UK-based illustrator Manjit Thapp is best known for her commercial projects, usually centered on historic women. She has provided artwork for The Little Book of Feminist Saints (Random House, 2018), Resisters: 52 Young Women Making Herstory Right Now (Wren & Rook, 2019), The Bigger Picture: Women Who Changed the Art World (Tate, 2019), and her 2018 Google Doodle of poet Kamala Das, among other publications. These works exemplify her attention to line and color, as well as her characteristic handmade aesthetic and colored-pencil textures.
Thapp carries this style into her first full-length graphic novel, Feelings: A Story in Seasons, which charts a young woman’s emotional journey through the six-season calendar that is common in parts of South Asia. The book’s release coincides with the one-year anniversary, in the US and Europe, of the COVID-19 pandemic. While most of the page spreads feature closely cropped drawings of a solitary woman struggling with anxiety, Feelings shows much more than the loneliness of this past year. “I strove to capture the emotional authenticity of my seasonal experiences with anxiety,” the artist writes; it is a reminder that for many people, the anxiety felt en masse this past year is an ongoing part of life.
The strength of this collection lies in its formal design structure: tightly cropped, layered boxes; asymmetrical layouts; and drawings of digital communication tools such as text messages and social media. (Thapp has an active Instagram page and makes good use of its grid form, in addition to sharing behind-the-scenes videos and content.)
The opening section, “High Summer,” features bright colors and sparser layouts. The text “I let the sun keep me warm” is centered in an otherwise empty yellow box in an 18-square grid that runs across the page gutter.

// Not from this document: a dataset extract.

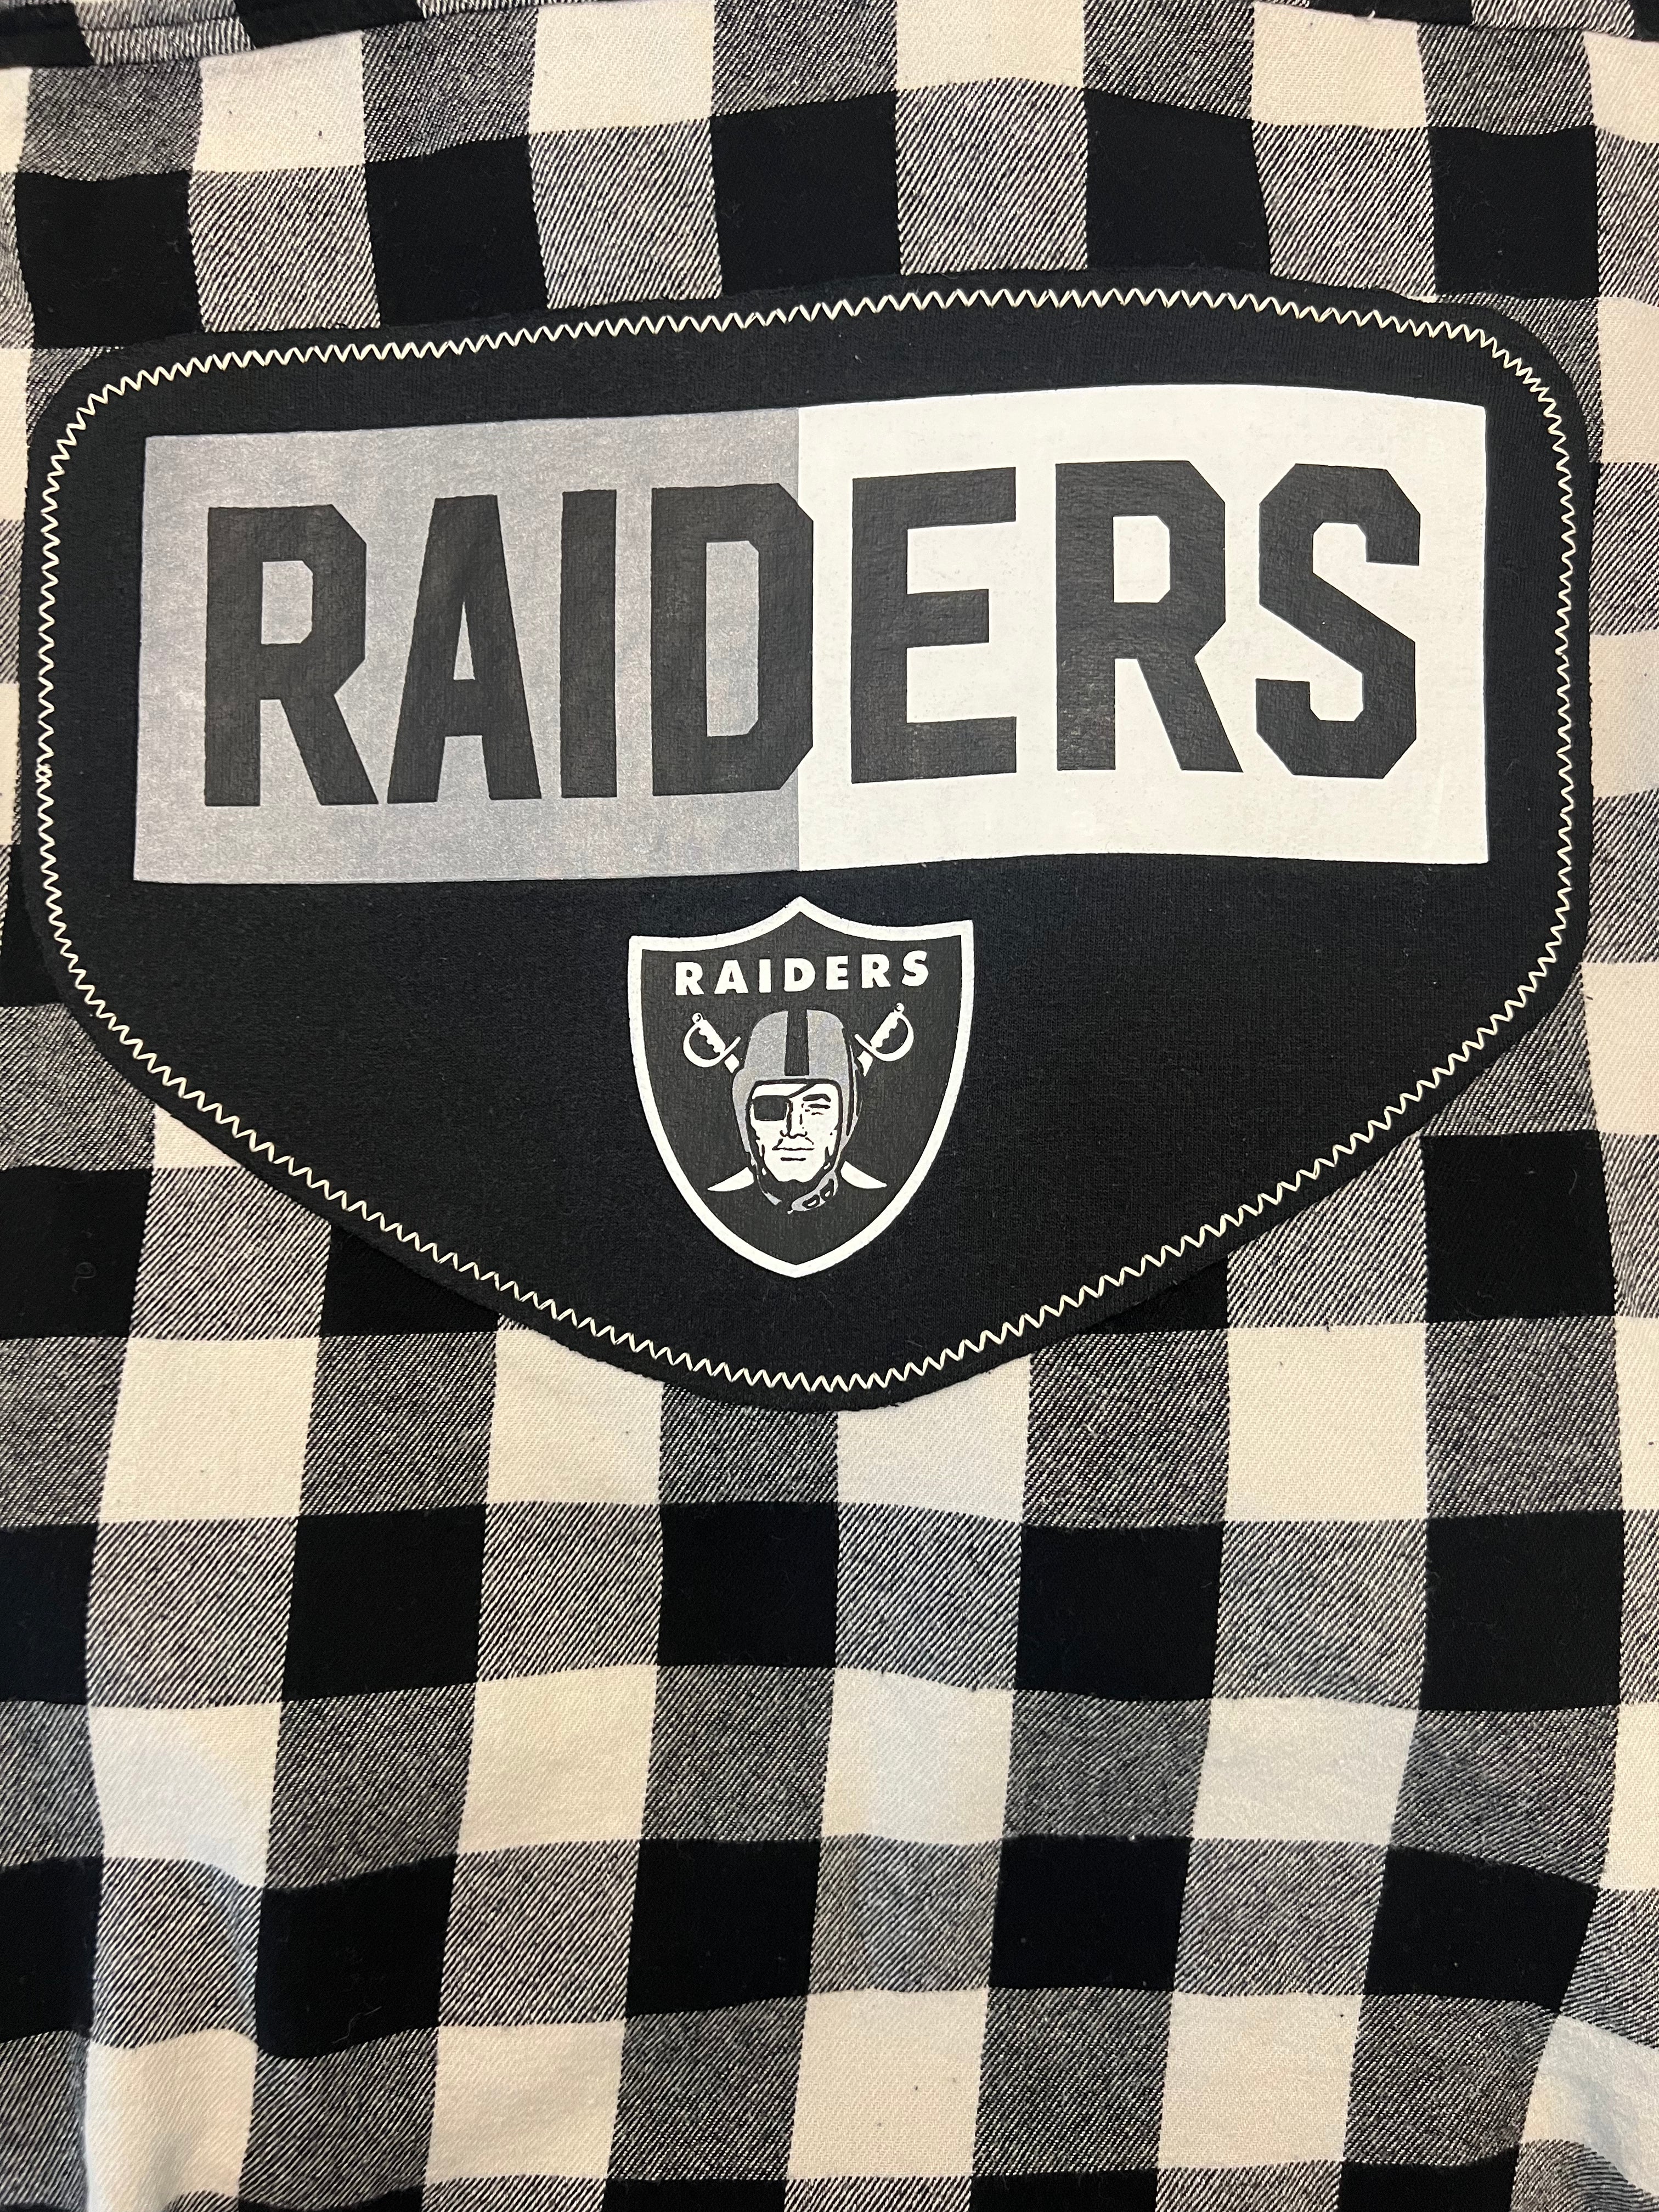 Raiders All Day (Women's - S/M)

The layout, which should be familiar to Instagram users, focuses on aerial images of food spreads that fill two boxes, similar to the style of multi-panel images on the social media platform. Other boxes picture plants and makeup application. Rather than infantilizing or mocking, this presentation feels genuine and authentic to the ways that people share joy and beauty on social media. Clipped views of supportive text message chains convey the ways that technology can keep us close and fulfilled.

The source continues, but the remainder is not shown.